Managing Partner, Pharmaceutical & Biotechnology Practice
At a time when much of the pharma industry seems to be beating a retreat, with uninspiring pipelines, compliance contraventions, cost pressures and shrinking workforces, as well as many major multinationals teetering on the edge of a $250 billion patent cliff, optimism abounds in one corner of the industry—the biopharmaceutical field.
Often addressing rare diseases in which patients have little in the way of meaningful treatment options, these companies put innovation at their core to develop next-generation therapeutics. It is also some measure of the attractiveness of the biopharmaceutical arena (and with Alexion’s hematology drug Soliris costing a reputed $400,000 per patient why wouldn’t it be?), that Big Pharma companies such as GlaxoSmithKline, Sanofi and Pfizer are themselves keen to get in on the act and have set up Rare Disease Units. Novartis is already selling its biological drug Ilaris for the treatment of cryopyrin-associated periodic syndrome (CAPS), a rare and lifelong debilitating auto-inflammatory disease, which is ringing the tills to the tune of $90,000 to 100,000 a year per patient, and Bristol-Myers Squibb’s melanoma treatment Yervoy is a cool $120,000 for a course of therapy.

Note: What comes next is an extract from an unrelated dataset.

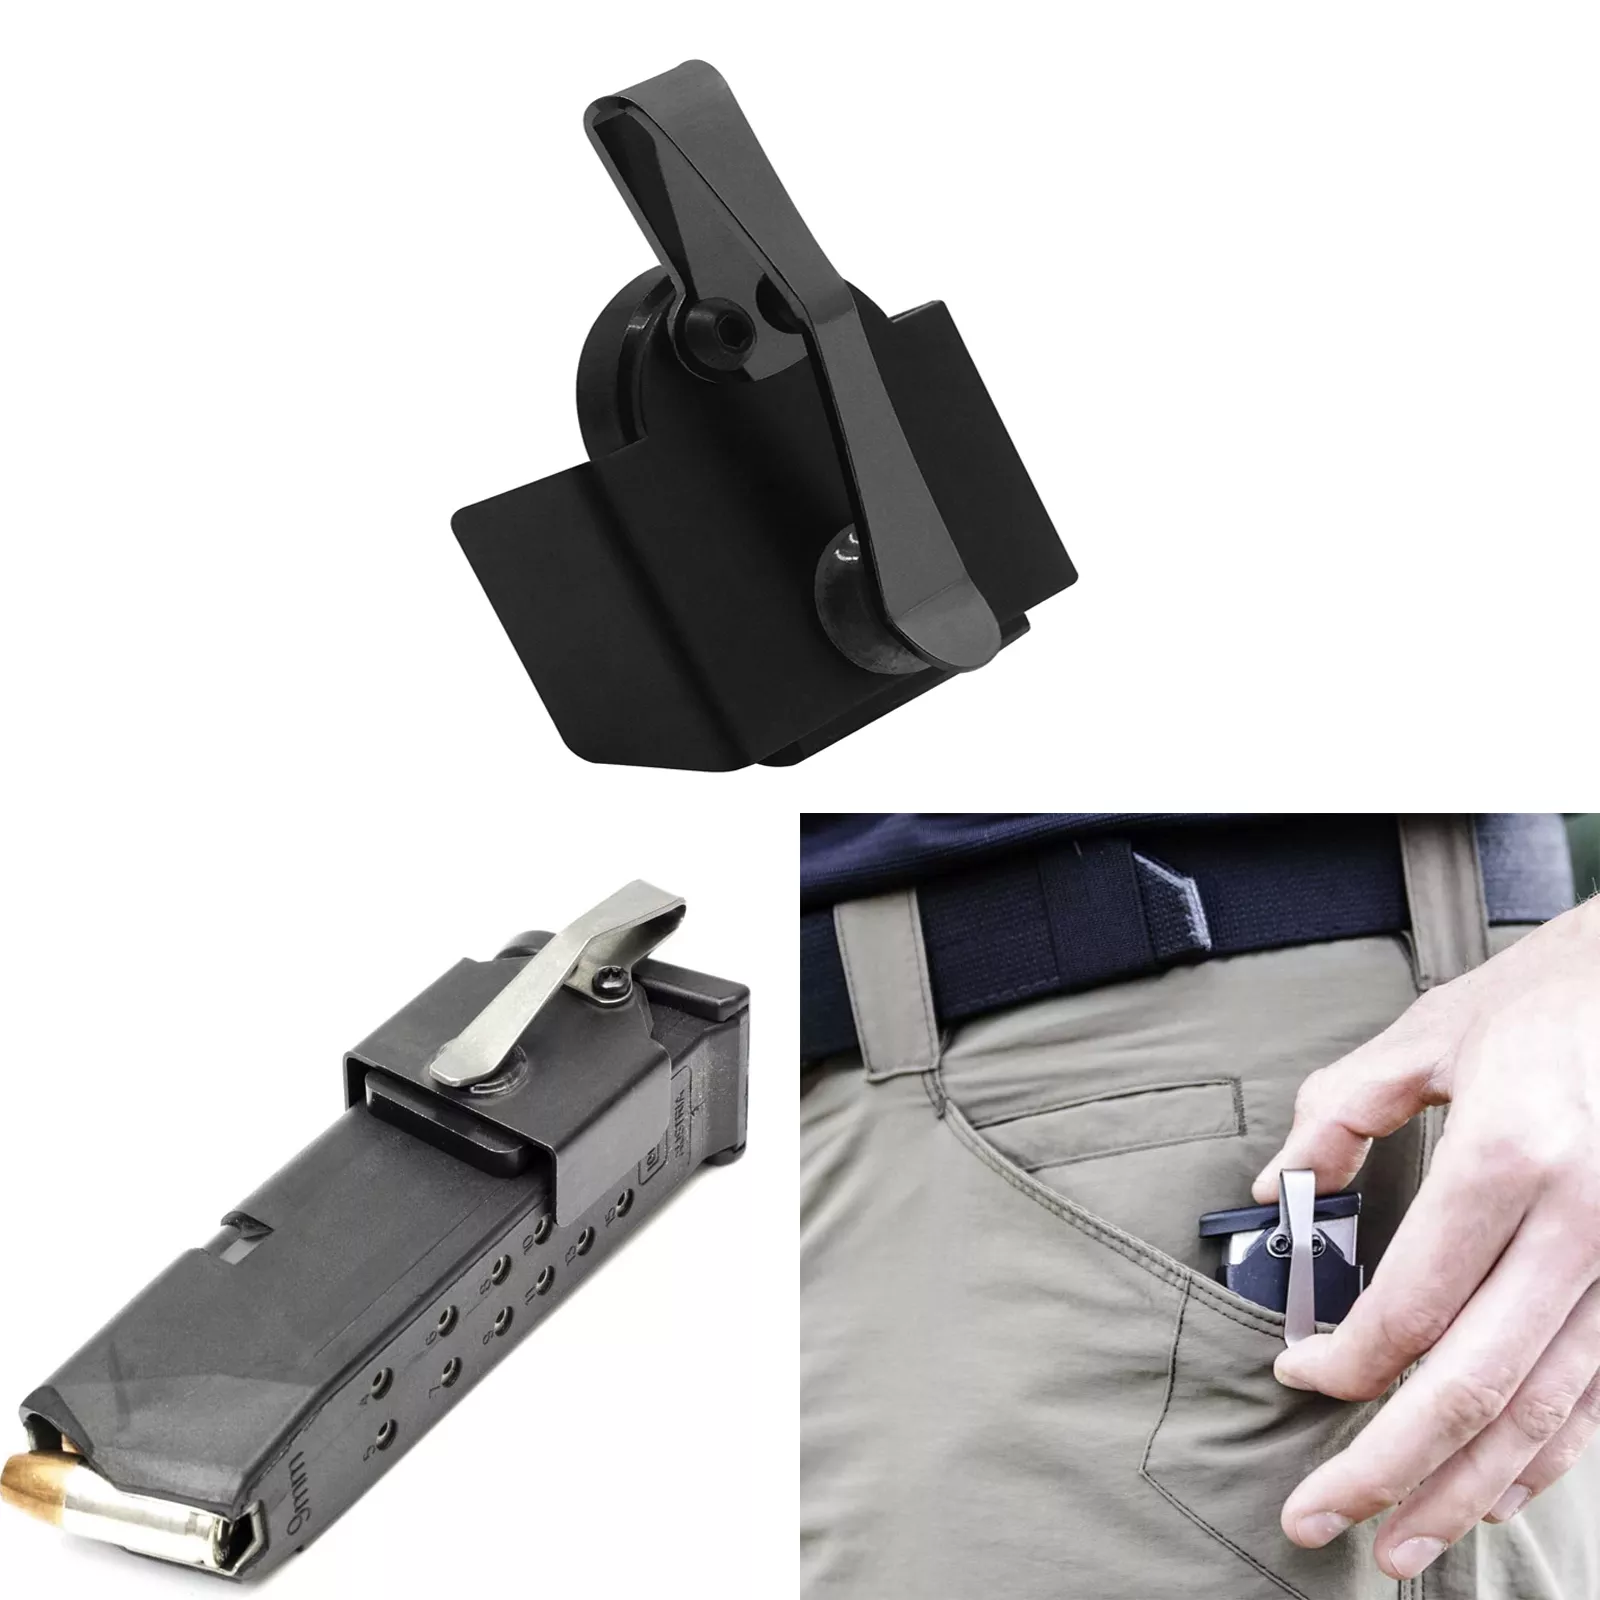 마그네틱 포켓 매거진 홀더 9mm / .40 S & W 용 포켓 표준 클립용 헤비 듀티 매거진 홀더
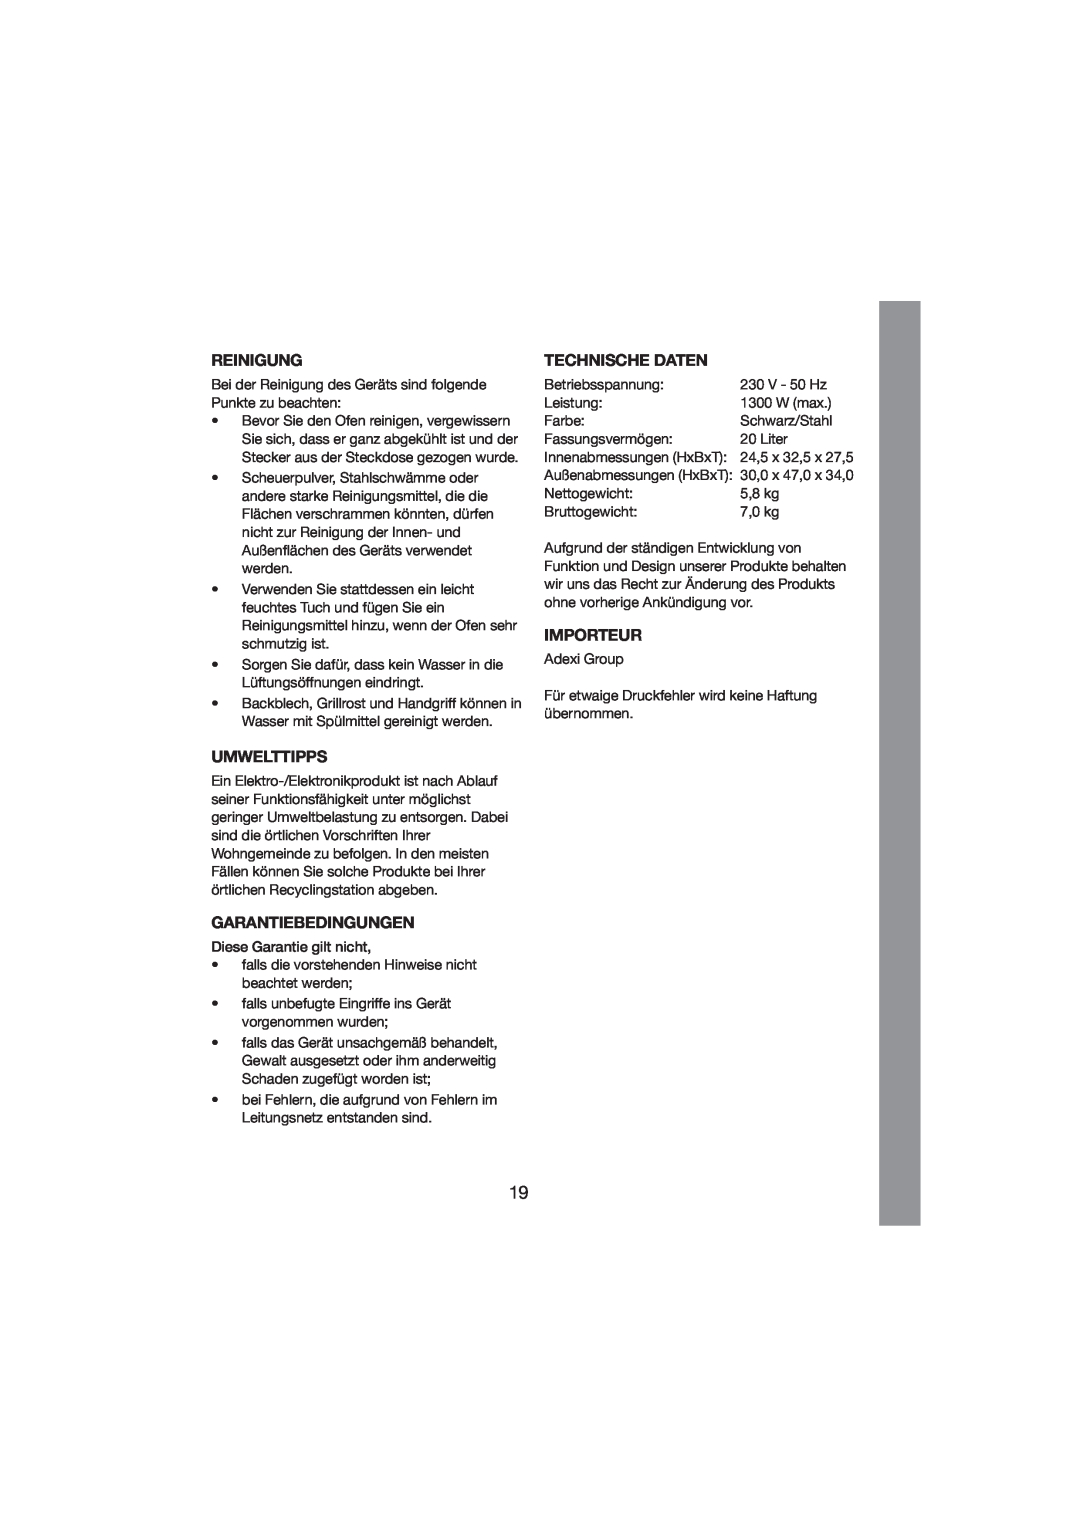 Melissa 251-003/004 manual Reinigung, Umwelttipps, Garantiebedingungen, Technische Daten, Importeur

While there are some fairly well established global biopharmaceutical companies such as Celgene, Biomarin and ViroPharma (alongside the likes of Biogen Idec, Gilead and Amgen), the last 18 months has seen a steady increase in the number of companies setting up international operations—either from a US HQ to Europe or vice-versa—as the precursor to the commercialisation of therapeutics. Companies including InterMune, Human Genome Sciences, Clovis Oncology, Ipsen, Algeta and Onyx Pharmaceuticals have all developed international capabilities through 2010-2011 and are at various stages (and through varying business models) of bringing their drugs to market.